Document parsing is where most agentic workflows quietly fail. Your agent can reason, plan, and call tools, but if it cannot extract clean text from a scanned invoice or a multi-column research paper, the entire pipeline stalls. MinerU (63K stars, trending #15 on GitHub for Python) tackles the unglamorous layer: transforming PDFs, DOCX, and PPTX into markdown or JSON that LLMs can actually consume.
This is not a summarization tool. It is the pre-processing step that sits before your RAG pipeline or agent tool call.

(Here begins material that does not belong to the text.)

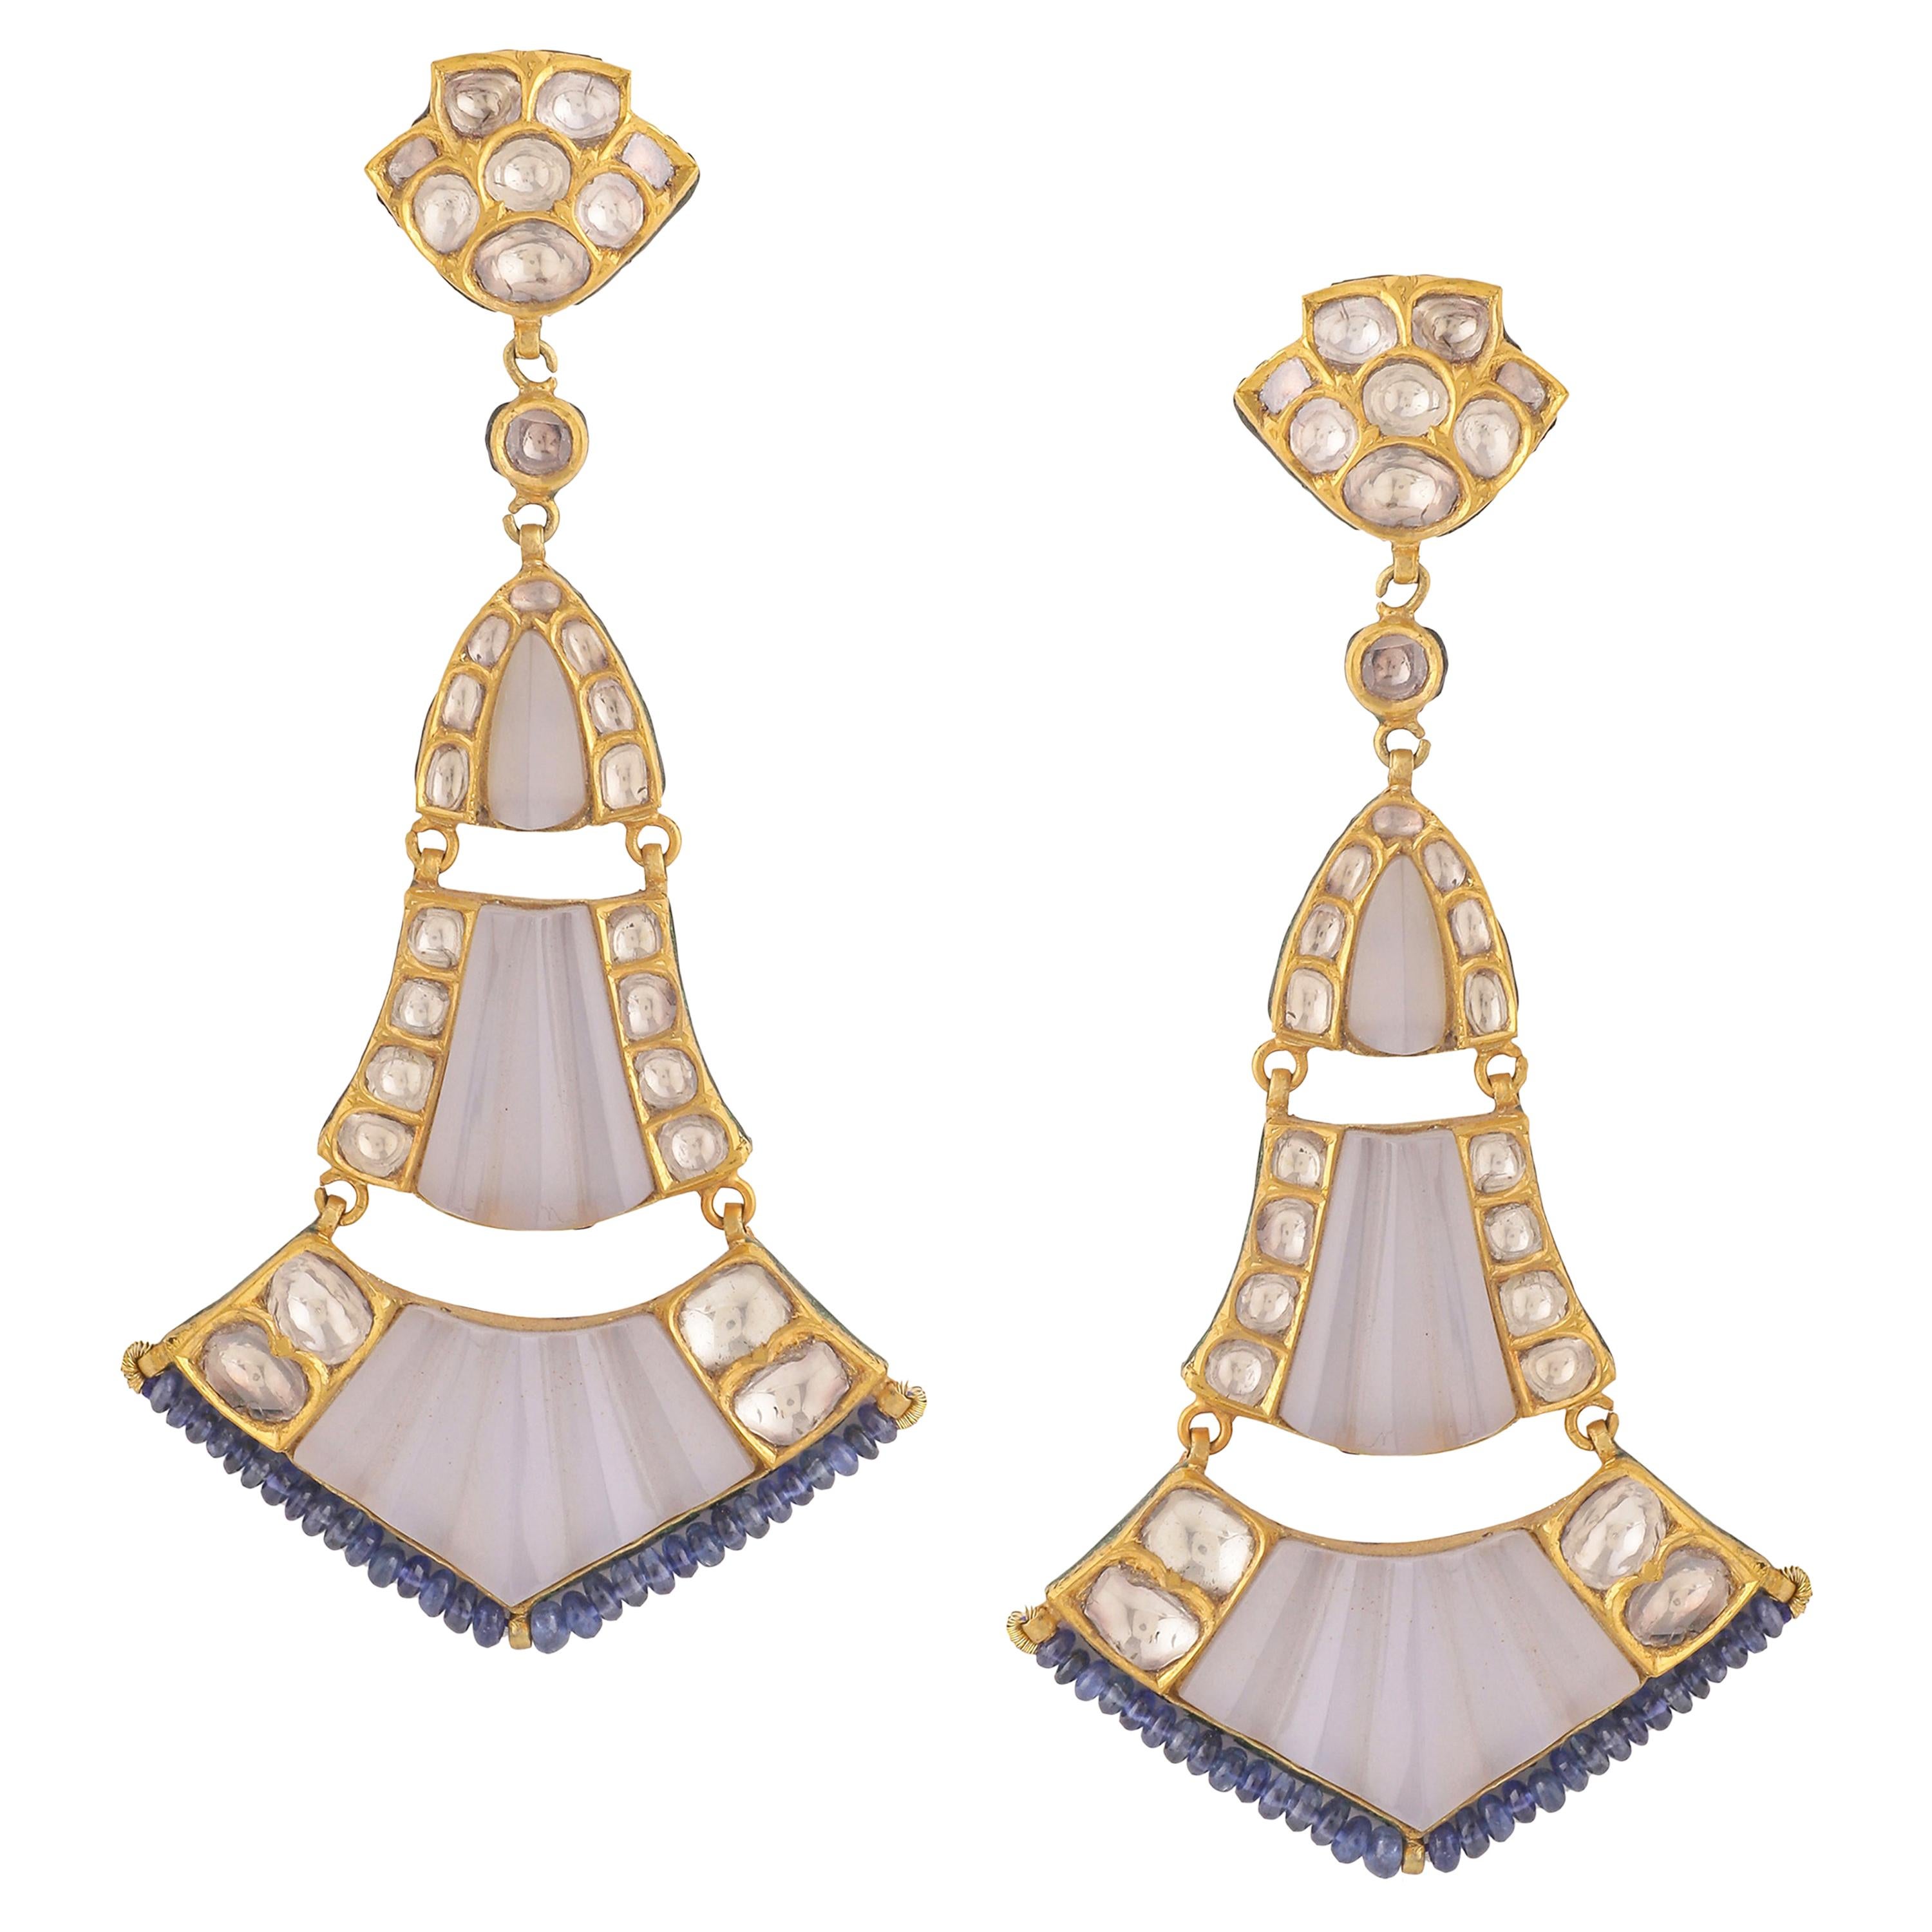 Boucles d'oreilles lustre en or 18 carats avec diamants, calcédoine sculptée et perles de saphir

The repo explicitly targets agentic workflows, which means it needs to handle layout analysis, OCR, table extraction, and figure detection without manual intervention.
What MinerU Actually Does
MinerU is a Python library that parses complex documents and outputs structured markdown or JSON. The pipeline handles:
- Layout analysis: Identifies headers, body text, tables, figures, and captions.
- OCR: Extracts text from scanned PDFs or images embedded in documents.
- Table extraction: Converts tables into markdown or JSON structures.
- Multi-format support: PDF, DOCX, PPTX, and XLSX.
The output is designed to feed directly into LLM context windows or vector databases. No intermediate cleaning step required.
Output Format
MinerU produces markdown with semantic structure preserved:
# Document Title
## Section Header
Body text with **bold** and *italic* formatting preserved.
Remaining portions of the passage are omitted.